__EXERCISE INSTRUCTIONS__: Instruction for the entries below: return the part that opens with the line containing "Drone silhouette flying" and closes with the line containing "84 Lumber Named", exactly, and no pictures.

__THE RECORDS__:
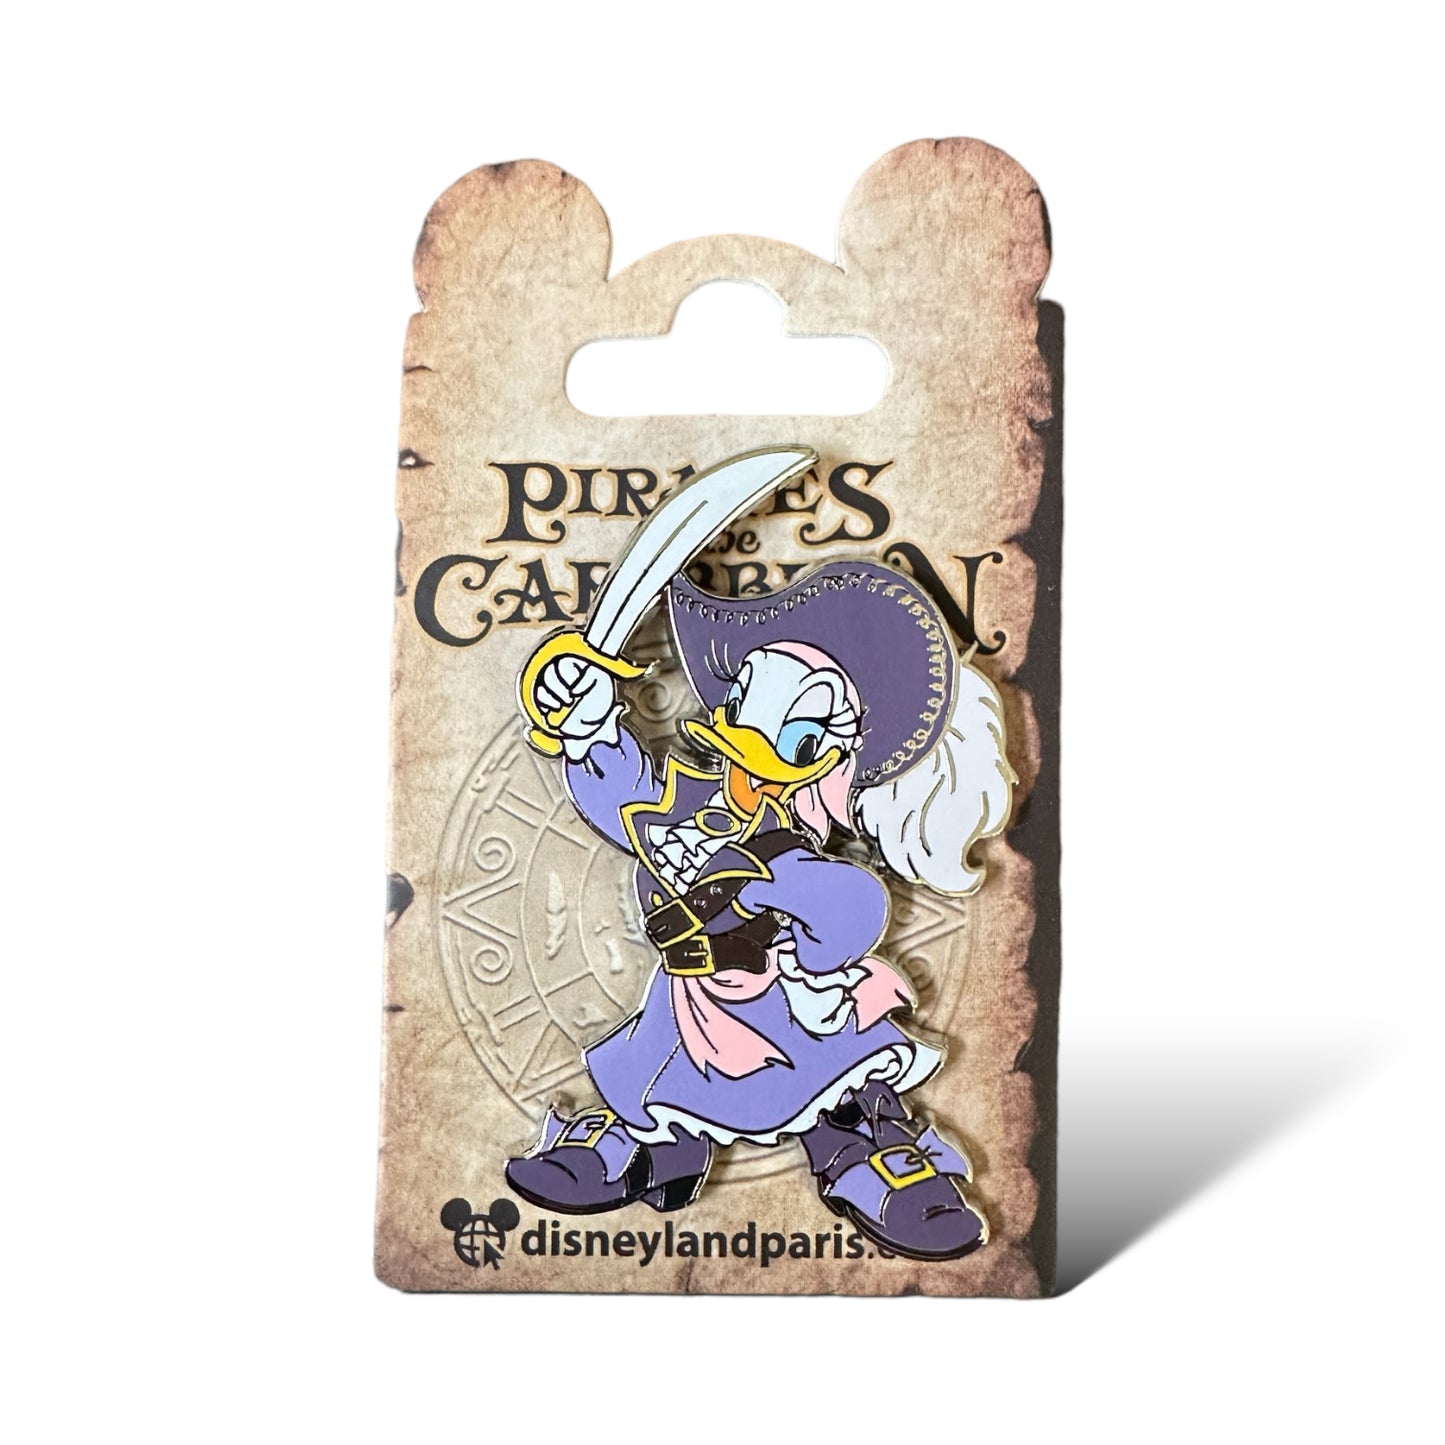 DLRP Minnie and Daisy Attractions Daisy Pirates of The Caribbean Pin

--

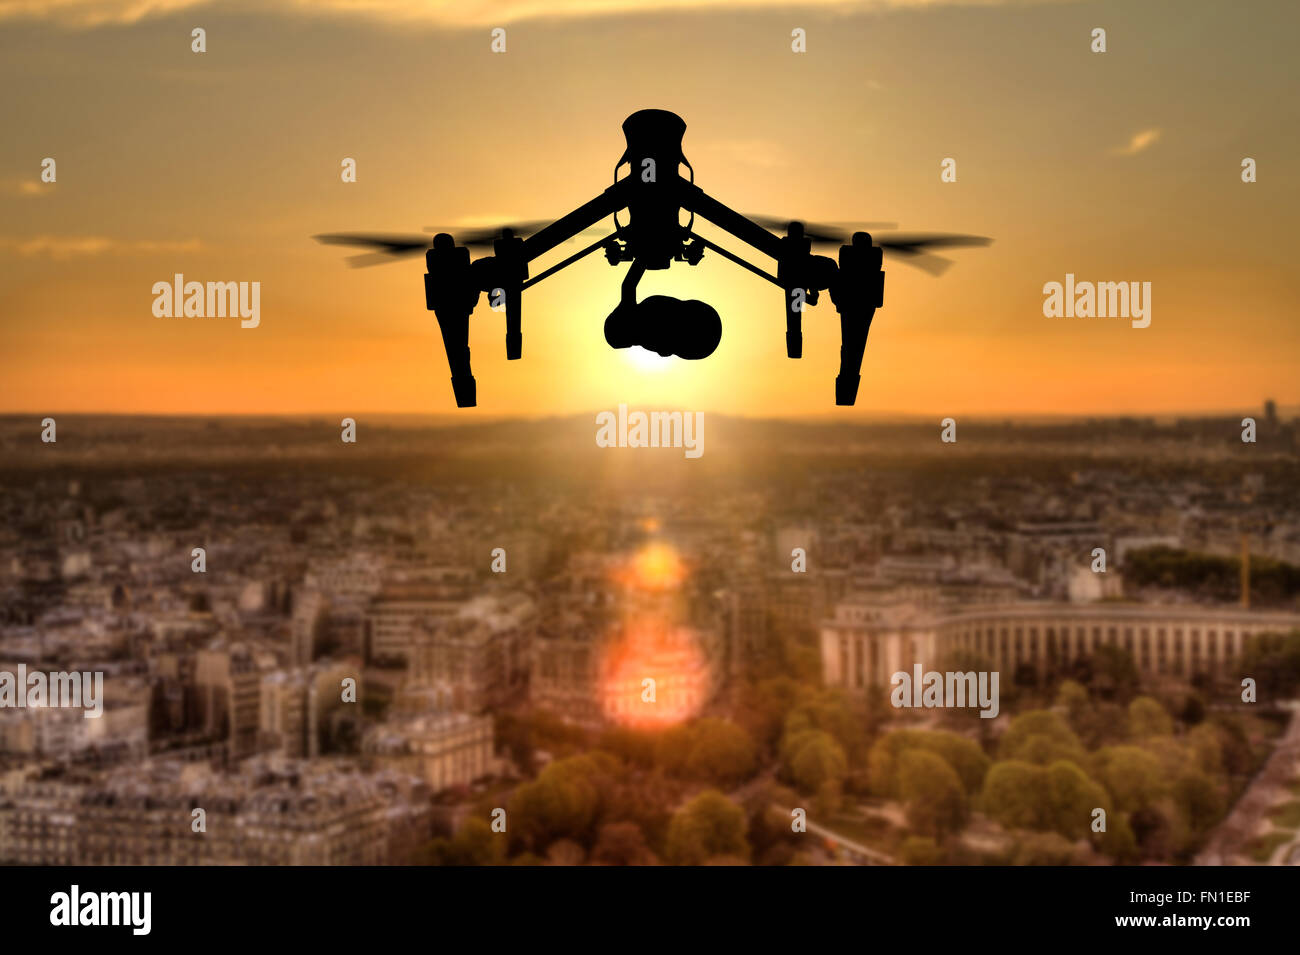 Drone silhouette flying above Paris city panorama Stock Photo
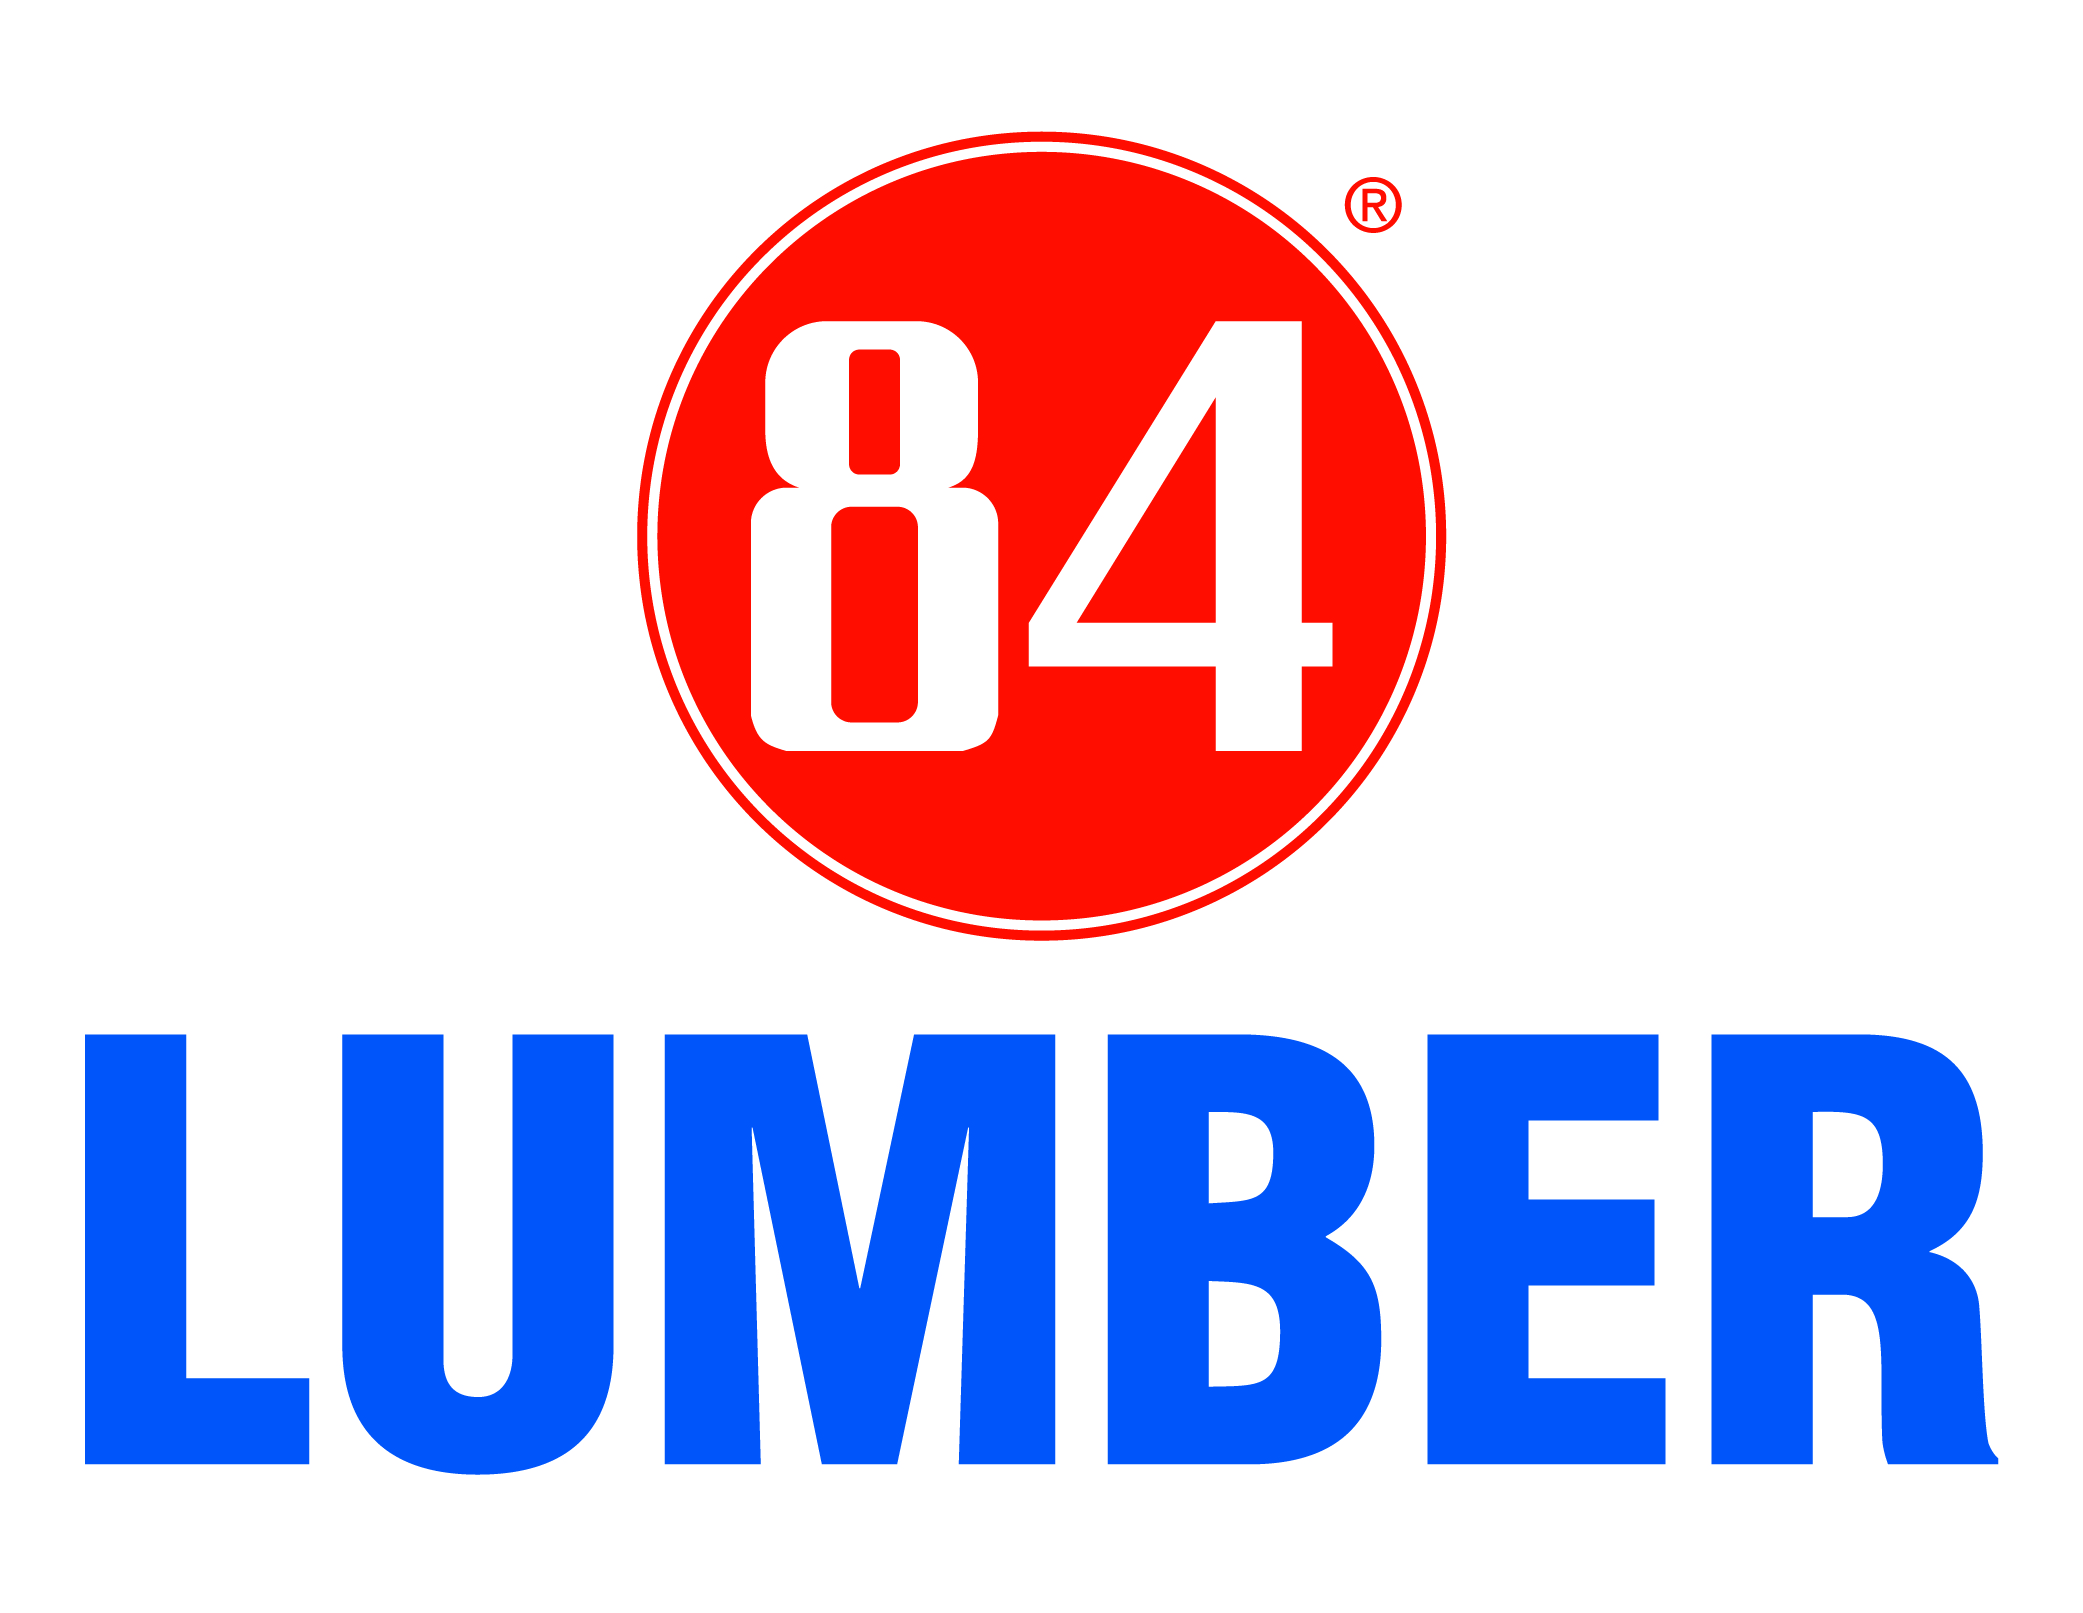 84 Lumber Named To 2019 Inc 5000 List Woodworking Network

__EXERCISE RESULT__:
 Drone silhouette flying above Paris city panorama Stock Photo
 84 Lumber Named To 2019 Inc 5000 List Woodworking Network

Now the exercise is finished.